Тем временем старый рыцарь буквально помирал со смеху, слушая эту перебранку. Кончилось тем, что он зашелся кашлем, едва не подавившись тонко слоившимся печевом.
— Позволь, многостоялый караванник, я тебя по спинке похлопаю, — учтиво обратилась к нему Таира, чтобы подчеркнуть разницу в отношении к ним.
— А чадо учено! — изумился Рахихорд. — Ежели бы ты, юница, не была так ребячлива в словах и деяниях, посватал бы тебя за своего младшего.
— Как же! — желчно отозвался шаман. — Пойдет Царевна Будур за твоего голодранца!
— Царевна Будур, так и быть, прежде всего приведет тебя в божеский вид, примирительно проговорила девушка, — а уж потом самостоятельно распорядится своей судьбой.
Но до последнего дело не дошло — прямо в подол белого ковра, преобразованного в плащ посредством дырки для головы, шлепнулся румяный окорок, и тут же в трех шагах от всей этой горы яств появилась мона Сэниа с Лронгом за руку.
— Ну будет тебе, будет, — говорил растроганный Рахихорд в полной уверенности, что все эти разносолы — плоды сибилловых заклинаний. — Мне теперь и малого куска довольно, отвык…
При виде появившихся прямо из воздуха воинов он поперхнулся и замолк.
— Твой талисман, — сказал Травяной Рыцарь, протягивая шаману сухого крабика, залитого прозрачной смолой.
— Видать, пригодился?
— Еще как! Целую корзину двойных лепешек напекли, сам видишь. А пока хлопотали, я выспрашивал, а принцесса, невидимым заговором обереженная, слушала.
Мона Сэниа присела возле полной корзины, машинально отломила кусочек пирога. Остальные дружинники сочли это за приглашение к столу и тоже расположились вокруг старцев. Творенья тихрианских кулинаров были оценены по достоинству, и только принцесса крошила свой кусок истончившимися нервными пальцами.
— Приказ о белом ребенке действительно был, — проговорила она через силу. — Примерно месяц тому назад. Так что к Юхани он никакого отношения не имеет.
— Еще как имеет, — возразила Таира. — Он ведь не отменен. Скорее всего, кто-то уже нашел твоего, малыша, и теперь Ю-ю или у князя, или по дороге к нему. Надо ждать. Кстати, дедуля, ты обещал поторопить события!

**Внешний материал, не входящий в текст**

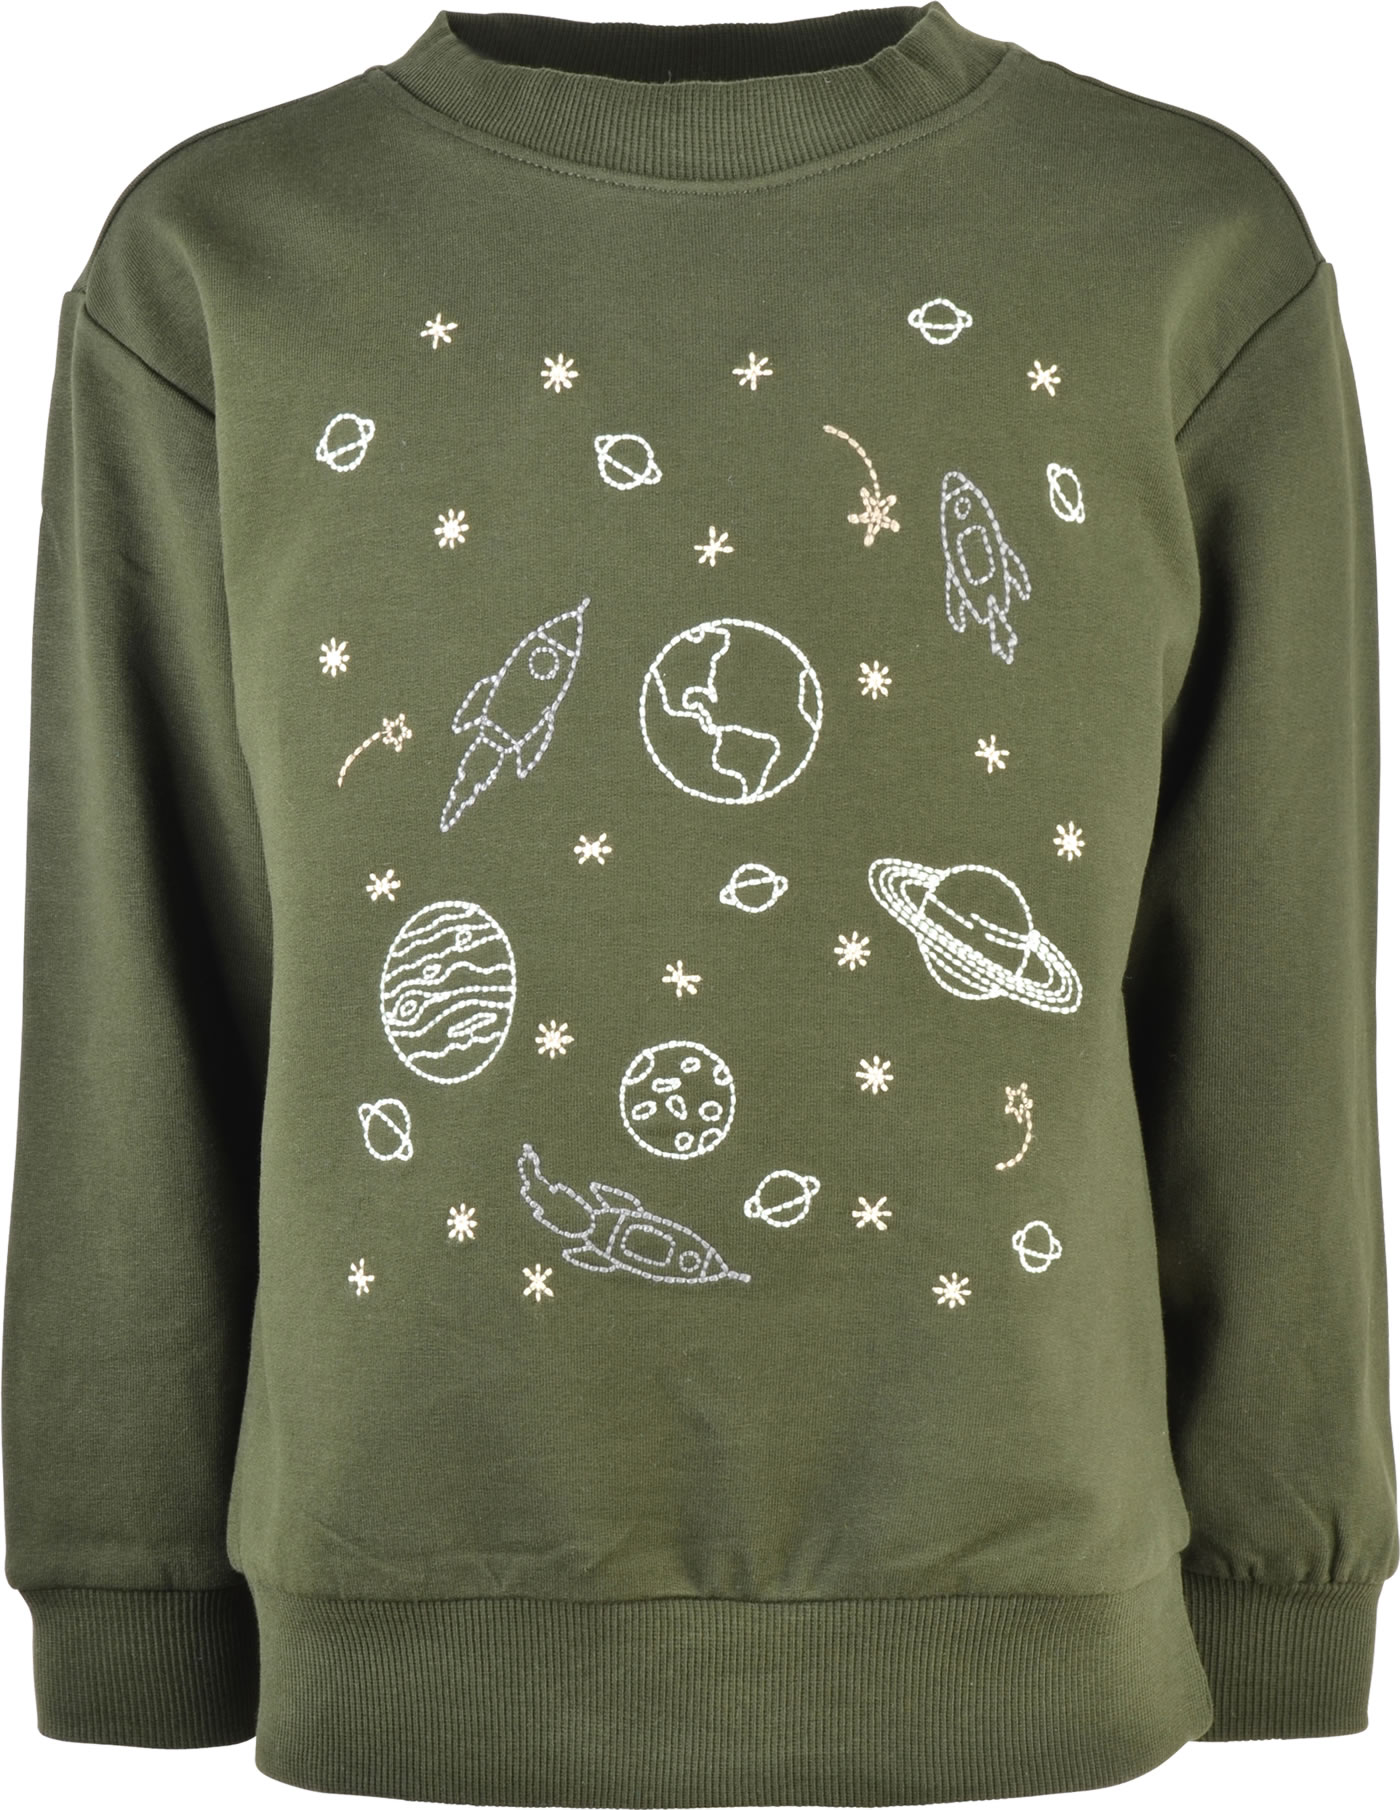 Sweatshirt Kids SPACE deep forest Wheat

Шаман недовольно фыркнул, утерся жирной лапой, по поднялся беспрекословно.
— Уедини сибилло! — сурово приказал он принцессе. — Сибилло камлать сподобится.
Мона Сэниа удивленно глянула на Таиру, по та кивнула, и шаман без лишних расспросов был препровожден в командорский шатер.

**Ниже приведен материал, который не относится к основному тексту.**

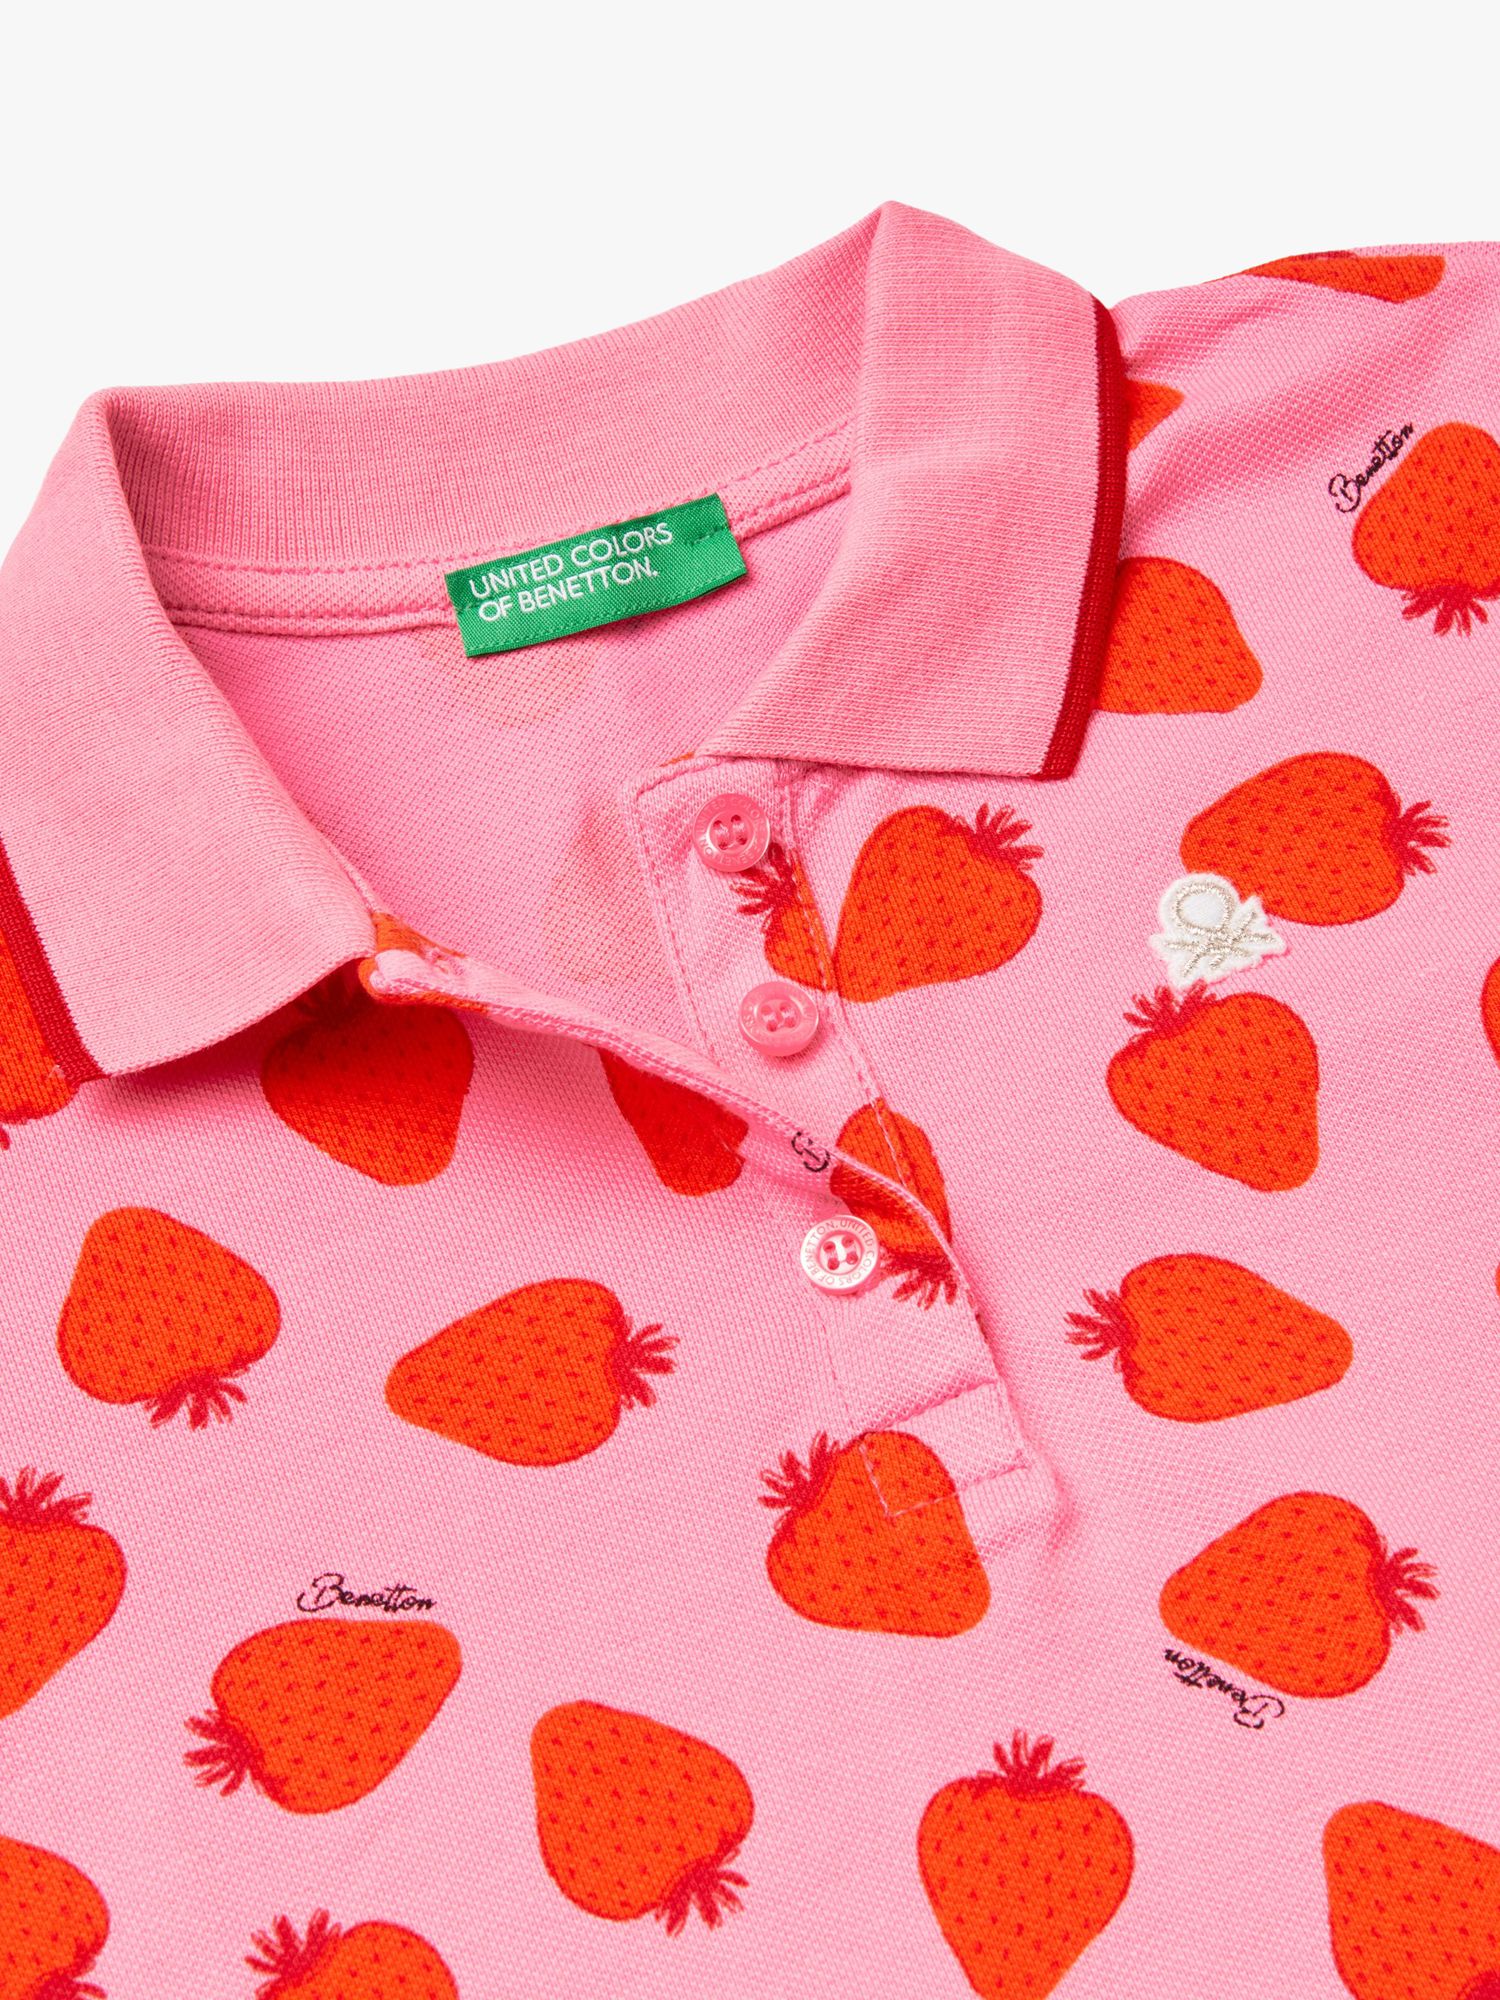 Benetton Kids' Short Sleeve Strawberry Polo Shirt, Multicolor, 3-4 years

— Может, он действительно как-то подгонит моего желтого попугайчика, ответила девушка на немой вопрос принцессы. — Во всяком случае, я осталась без носового платка. Пал жертвой элементарного взяточничества. А кстати, и обо всем остальном: я как-то не подумала, что солицеволосой диве не очень-то подходят застиранные портки. Там, где колбасу брали, какой-нибудь юбчонки не завалялось?
— Солнцезаконники как раз обоз снаряжают, там полно алых шелков да тафты… Для сибиллы, как и для Вечной Чернавки, ни в чем отказа не будет, заверил ее Лронг.
— Терпеть не могу красное! Благородные рыцари, во что у вас наряжаются девочки из приличной семьи?
Рахихорд засмеялся:
— Ты все равно не сойдешь за тихрианку, светлячок. Во всяком случае, как только раскроешь свой рот. А для злато-косой князевой избранницы лучшим покрывалом были бы ее волосы. Попроси сибилло, оно мигом отрастит их тебе до самой земли.
— Ну спасибо за совет — расчесывай их потом каждое утро по полтора часа! И потом, это будет не оригинально: в собственные волосы одевались и леди Годива, и святая Инесса. Обе, кстати, плохо кончили. Если существовали.
— А по-моему, лучше всего в купальнике! — сорвалось с языка у простодушного Пы.
Все невольно посмотрели на Скюза — за такую реплику ведь и по шее схлопотать недолго. Но юноша сидел не подымая головы. После своей оплошности с крэгами он хотя и получил формальное прощение от принцессы, но буквально не находил себе места, стараясь отыскать хоть какой-нибудь способ загладить свою вину.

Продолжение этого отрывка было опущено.